Values are the means of different stages of oocytes including GV (N = 10), MI (N = 8), MII (N = 9), IVM-MII (N = 10) and cumulus cells (N = 5). Error bars represent standard deviation (SD). CNRQ: calculated normalized relative quantity. *: Not detected in all samples. a,b or c,d: Values were significantly different (P<0.05).

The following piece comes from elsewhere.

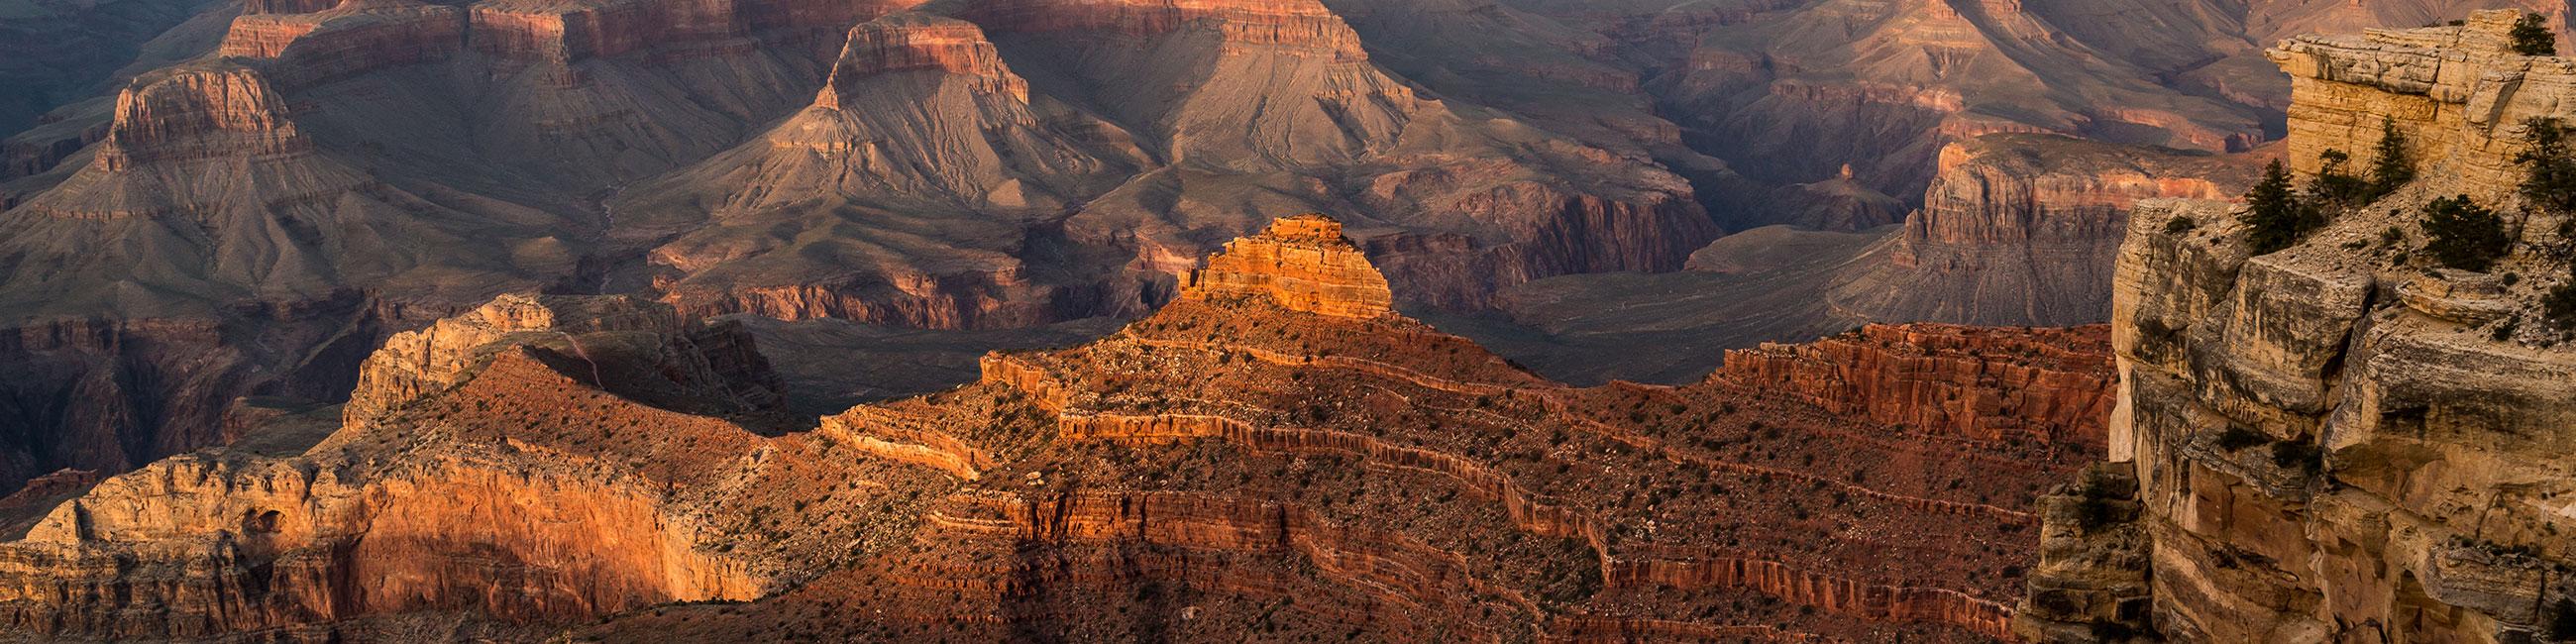 Grand Canyon, ouest américain, USA
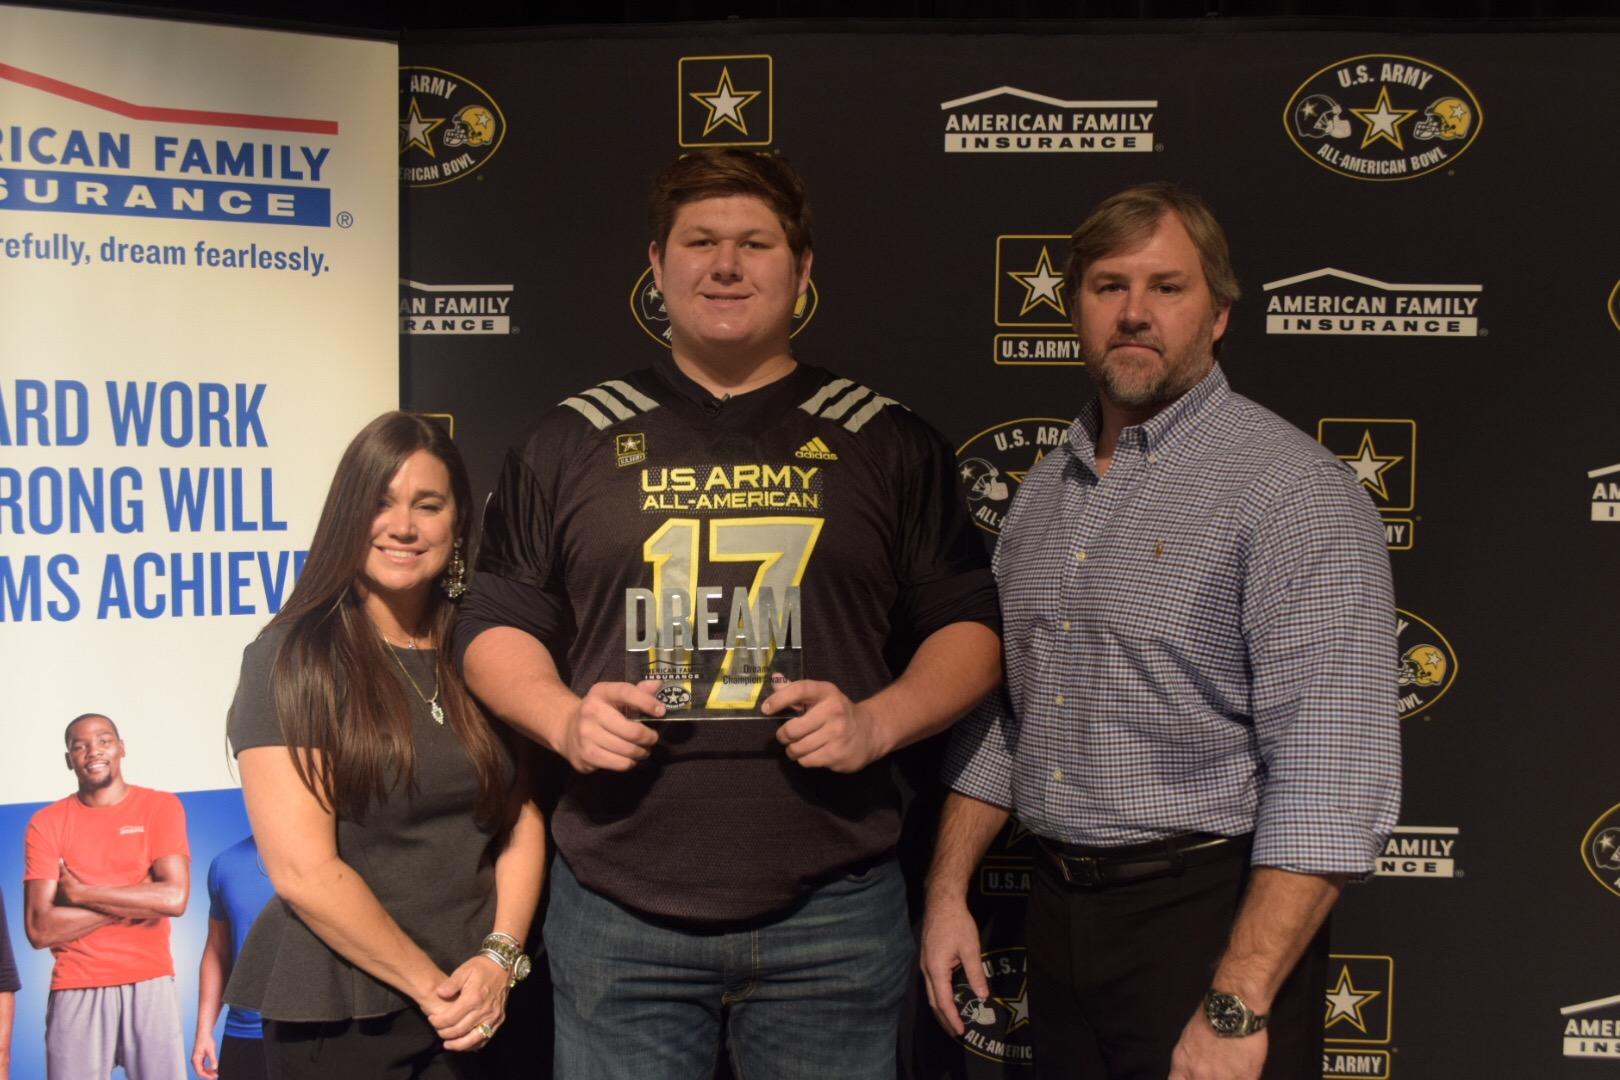 Creed Humphrey presented his parents, Melisa and Chad Humphrey, with the Dream Champion Award. (Photo: AAG)

https://doi.org/10.1371/journal.pone.0010979.g001

We examined expression of a set of candidate receptors and ligands in oocytes and cumulus cells, respectively (Figure 2A, 2B and S1). Among the growth factors, expression of mRNA of genes that encode for GDNF, FGF2, GM-CSF and TGF-β1 was significantly higher in cumulus cells than in oocytes. Conversely, the majority of receptors were detected at the mRNA level in oocytes with the exception for FGFR3, CSF2Rβ, EGFR and TGF-βR2. Among the receptors, expression of mRNA of genes that encode for NTRK2, NGFRAP1, ESR1 and EDNRA was higher in cumulus cells, while oocytes had significantly higher expression of mRNA of genes that encode for IGF1R, ESR2 and TGF-βR3. There were a few genes that were detected exclusively in only cumulus cells (CSF2Rβ and EGFR) or oocytes (GDNFR, FGF2R). We observed that even though the expression of the ligand, BDNF was low in cumulus cells compared to oocytes, its receptors, NTRK2 and NGFRAP1 were expressed in both oocytes and cumulus cells. In particular, NGFRAP1 was expressed more than 350 fold higher in cumulus cells than in oocytes. We also noted that mRNA of only two genes (IGF-I and leptin) was not expressed at detectable levels in either compartment, oocytes or cumulus cells. However, mRNA corresponding to their receptors, IGF1R and LEPR, was expressed in both oocytes and cumulus cells.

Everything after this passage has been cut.